PROBLEM TO WORK ON –
Retype only the lines below from the one with "Tailor your custom" to the one with "Police at the", inclusive, skipping every image.

RECORDS FOR THE EXERCISE –
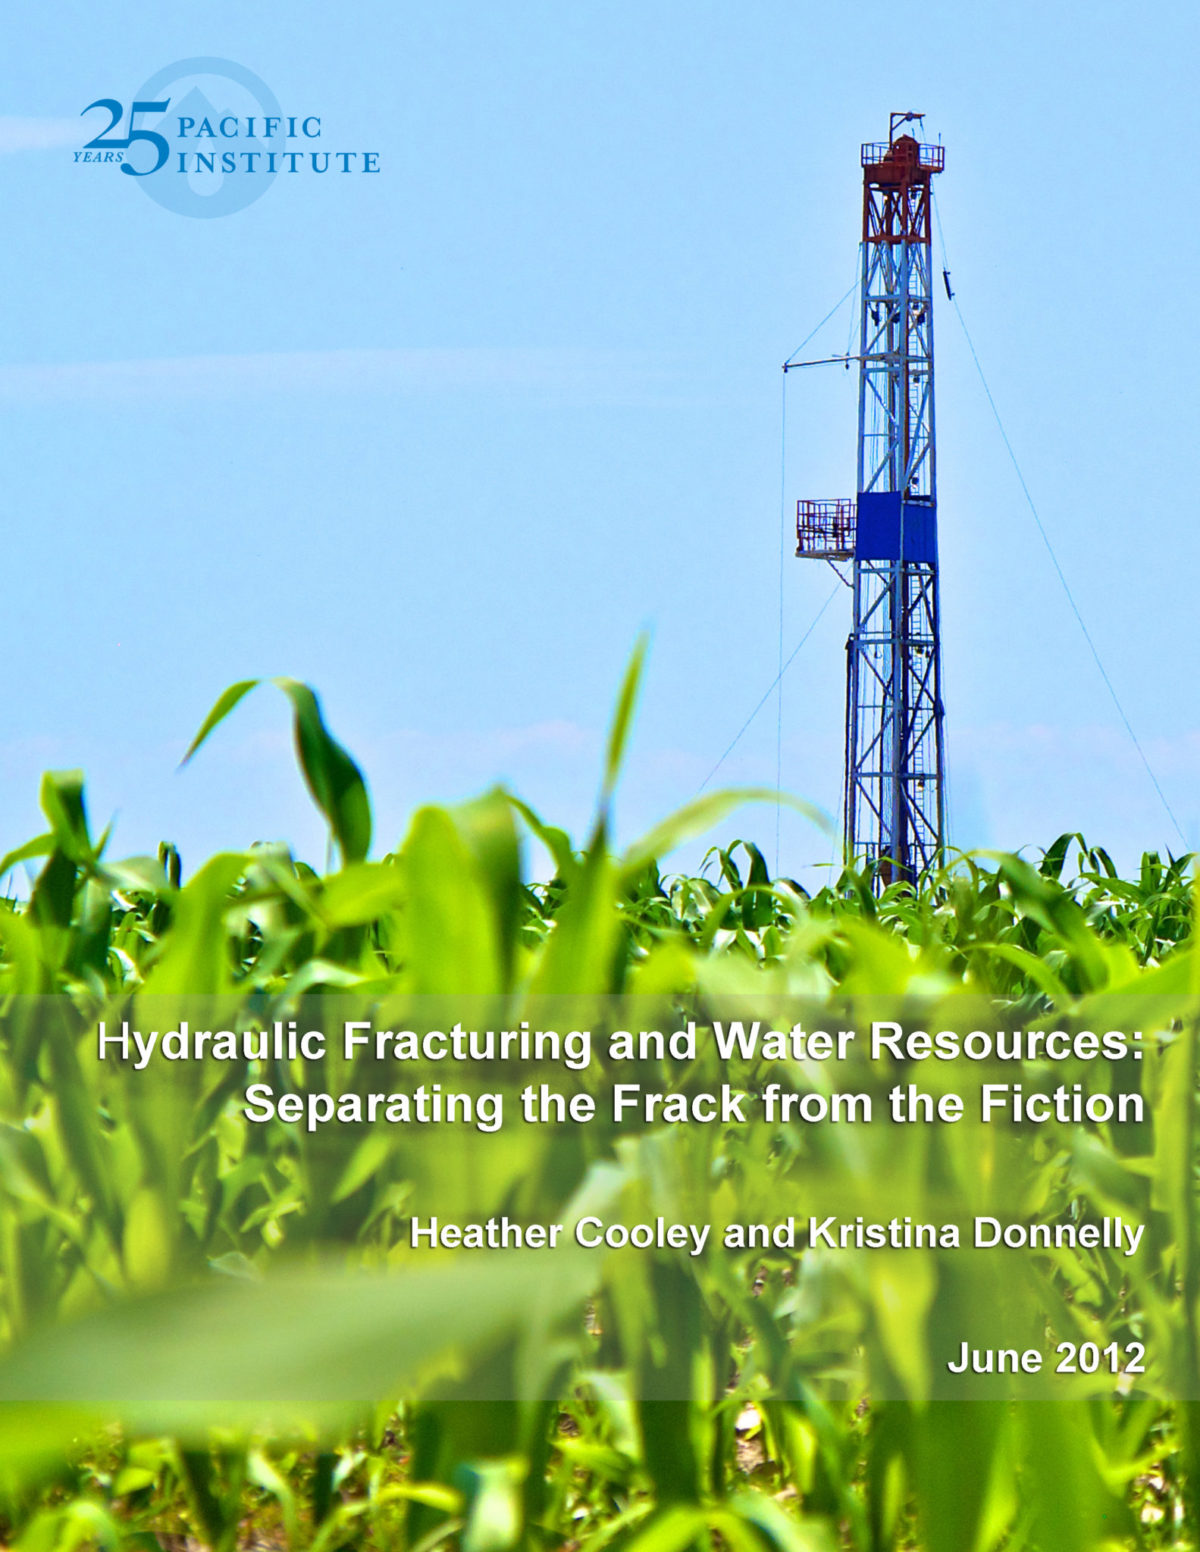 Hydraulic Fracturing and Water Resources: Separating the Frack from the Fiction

==

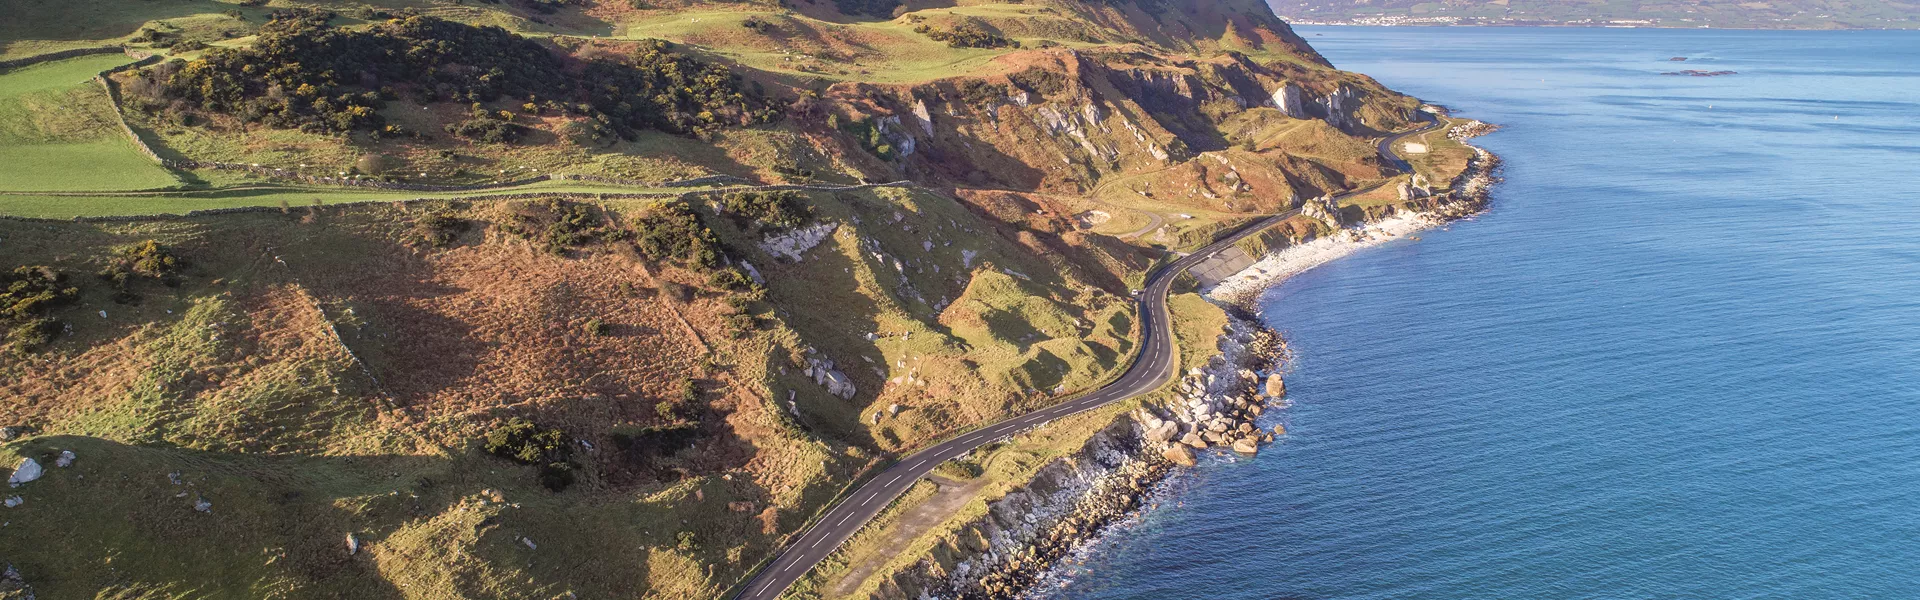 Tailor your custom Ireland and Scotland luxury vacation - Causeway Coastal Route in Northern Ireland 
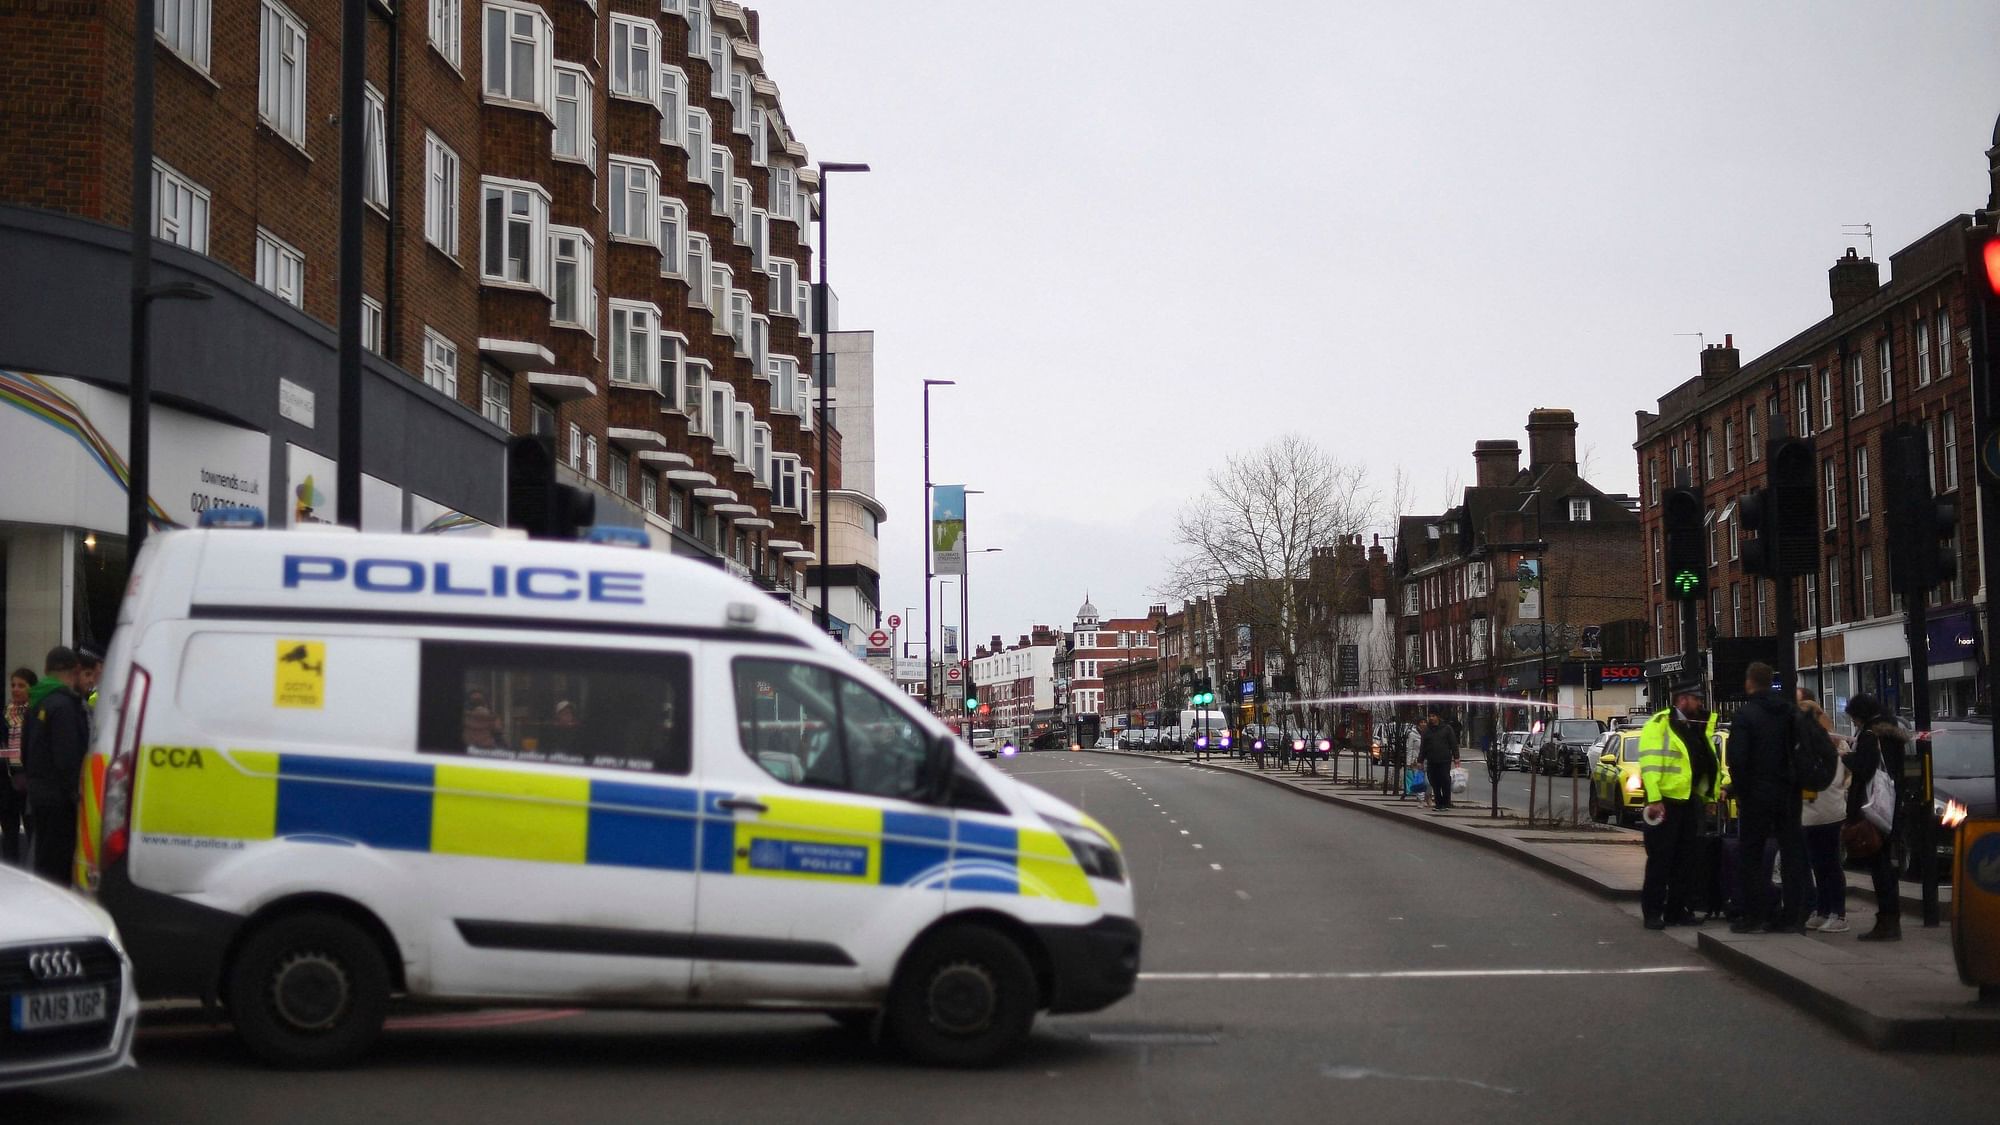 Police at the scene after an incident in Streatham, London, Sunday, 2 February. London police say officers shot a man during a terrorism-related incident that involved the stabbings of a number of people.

TASK OUTPUT –
 Tailor your custom Ireland and Scotland luxury vacation - Causeway Coastal Route in Northern Ireland 
 Police at the scene after an incident in Streatham, London, Sunday, 2 February. London police say officers shot a man during a terrorism-related incident that involved the stabbings of a number of people.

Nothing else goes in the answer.